For now, Meta’s closest thing to an AR product — the Quest Pro (which it calls “mixed reality”) — is expensive for many people, priced at $1,500 per headset. It could take years for Meta to develop a breakthrough AR device that’s significantly more affordable. But in some ways, Zuckerberg is one of the best-positioned tech leaders to make the long-term investments required to reach that breakthrough.

“Mark is somebody who has tremendous vision for what will be popular and resonate with billions of people in the future,” said Meta CTO Bosworth, speaking to Recode in a December interview about his end-of-year memo. “He has the willpower and the fortitude to survive all the critiques and criticism around it. And he’s got a track record that I think speaks for itself.”

One of Zuckerberg’s greatest strengths as a leader — which many employees recognize — is that he is the only remaining major tech CEO who is also a company founder, with control of the board and essential immunity from being fired. That means he can make decisions that may seem risky to shareholders at the time but end up being smart long-term bets. Ten years ago, many industry experts thought Zuckerberg was wildly overspending when he bought Instagram, but it ended up being one of the most successful acquisitions in tech history.

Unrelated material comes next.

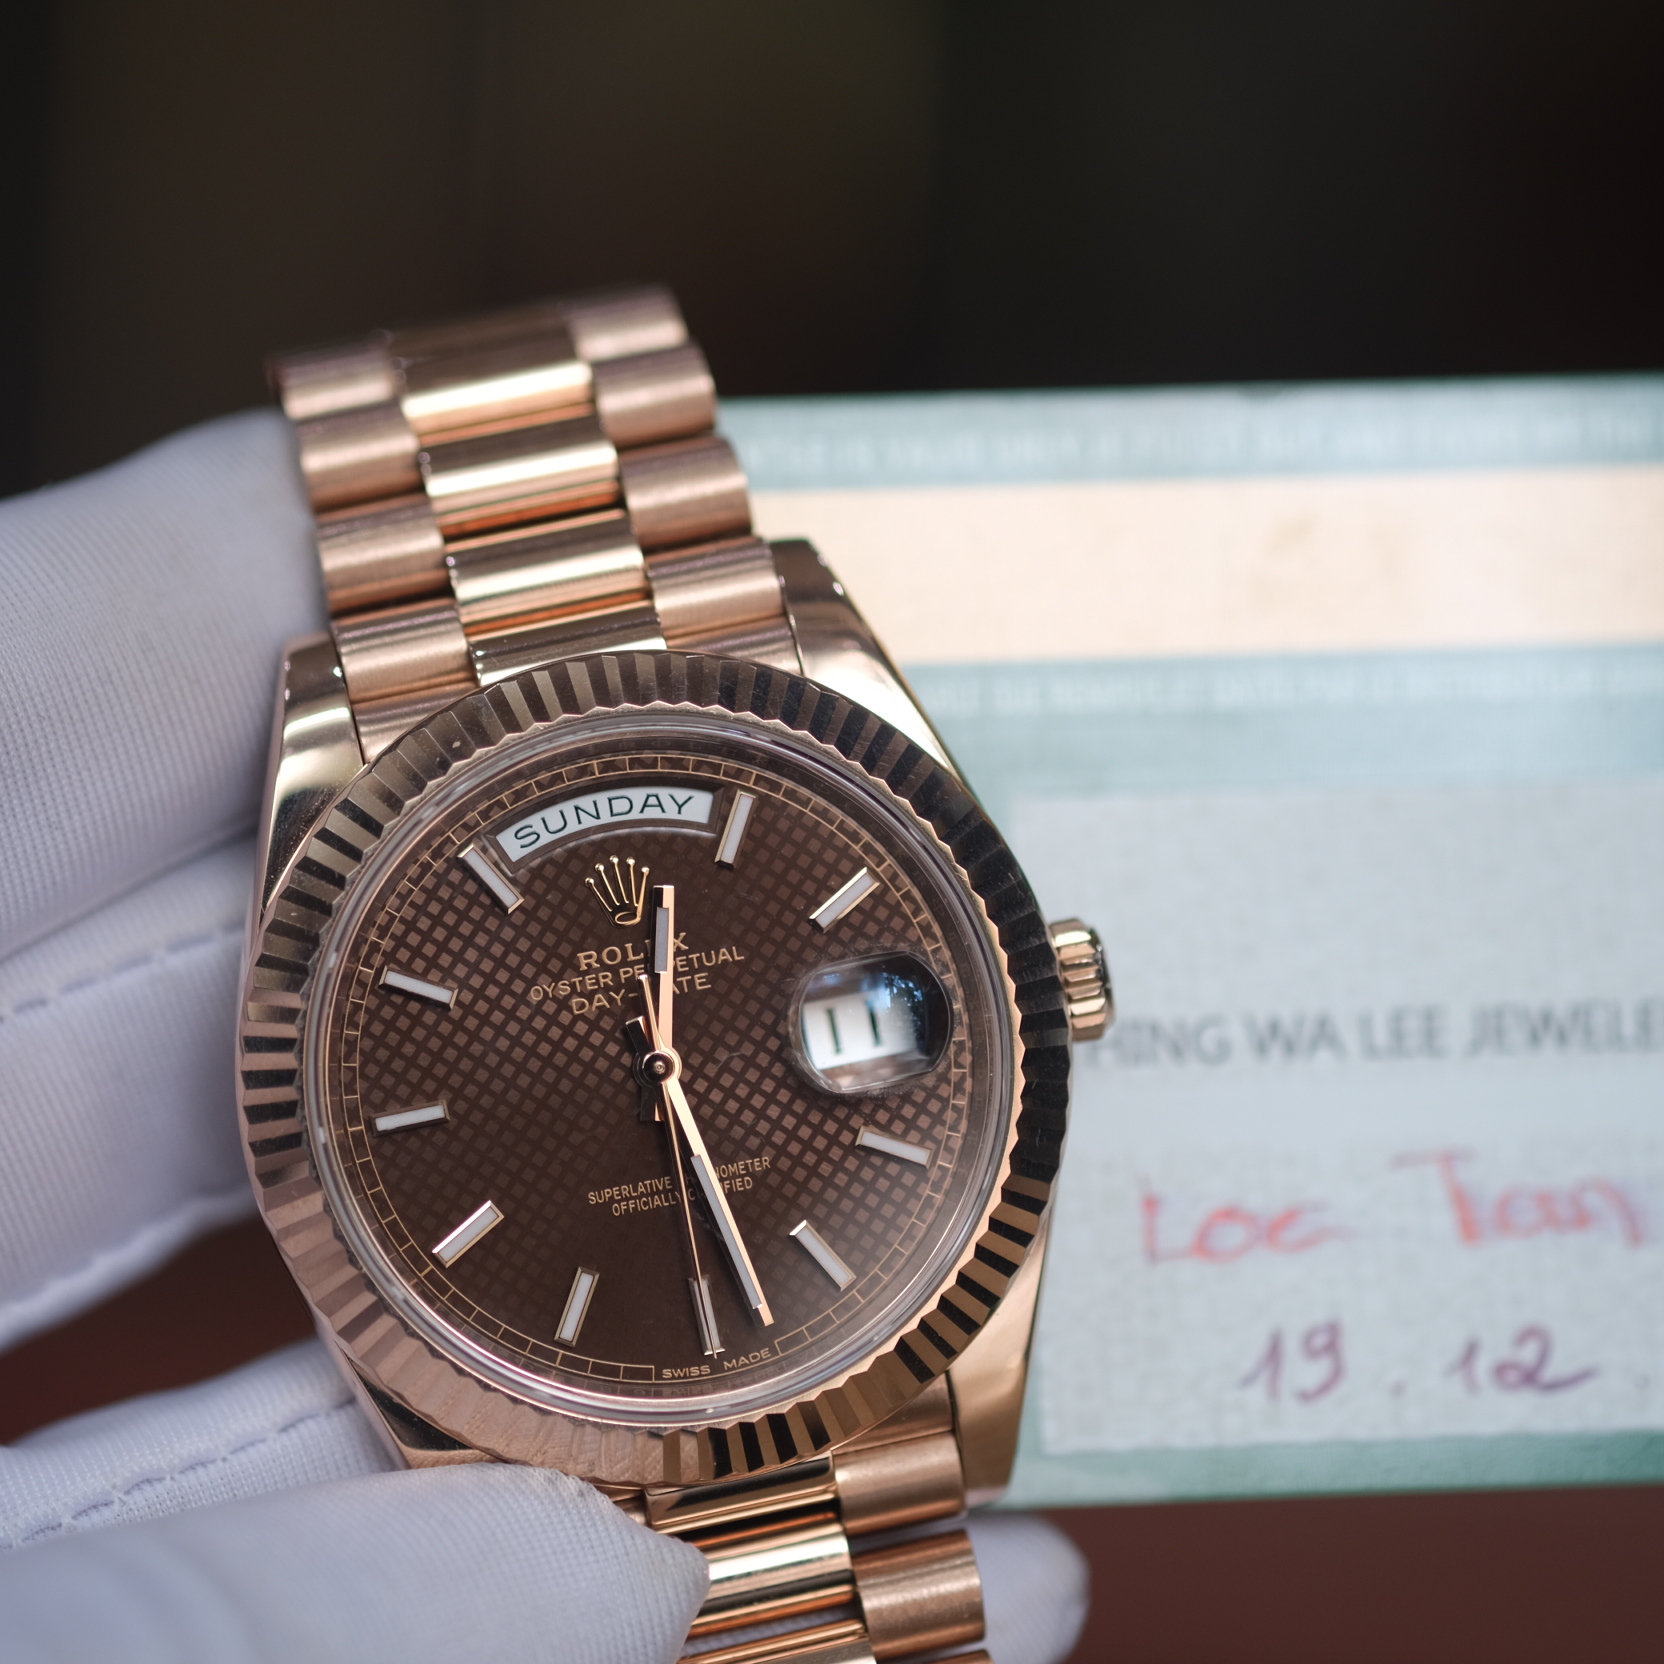 Đồng hồ Rolex Day Date 228235 vàng khối 18k mặt karo nâu chocolate size 40mm

“He’s always had a one-year, three-year, five-year, and 10-year plan,” said top social media business analyst Mark Mahaney, senior managing director of Evercore. “It’s a great thing for managers to show they’re running the business long term, [and] they’re not gonna be juked out of a business plan just because of Wall Street.”

Still, though Mahaney is long-term bullish on Meta, he’s asking himself, “Is this the next Yahoo or not? Is this a melting ice cube? Are there going to be fewer people using Facebook” in the future?

Many Meta employees are asking themselves the same questions. For those who believe in Zuckerberg’s vision and stick around, this could be a chance to beat the skeptics.

Toward the end of Zuckerberg’s Q&A with employees, in response to an employee question about some of the more “alarming” results in the employee morale survey reflecting people’s poor confidence in leadership, Zuckerberg told his employees to see the upside. He said that now, with lower stock prices, employees would benefit more if the markets swing the other way.

“I don’t know when investors will recognize the success of what we’re doing,” Zuckerberg said. “And maybe that’ll be in [2023], or maybe a week, [or] maybe we’ll take a few more years.”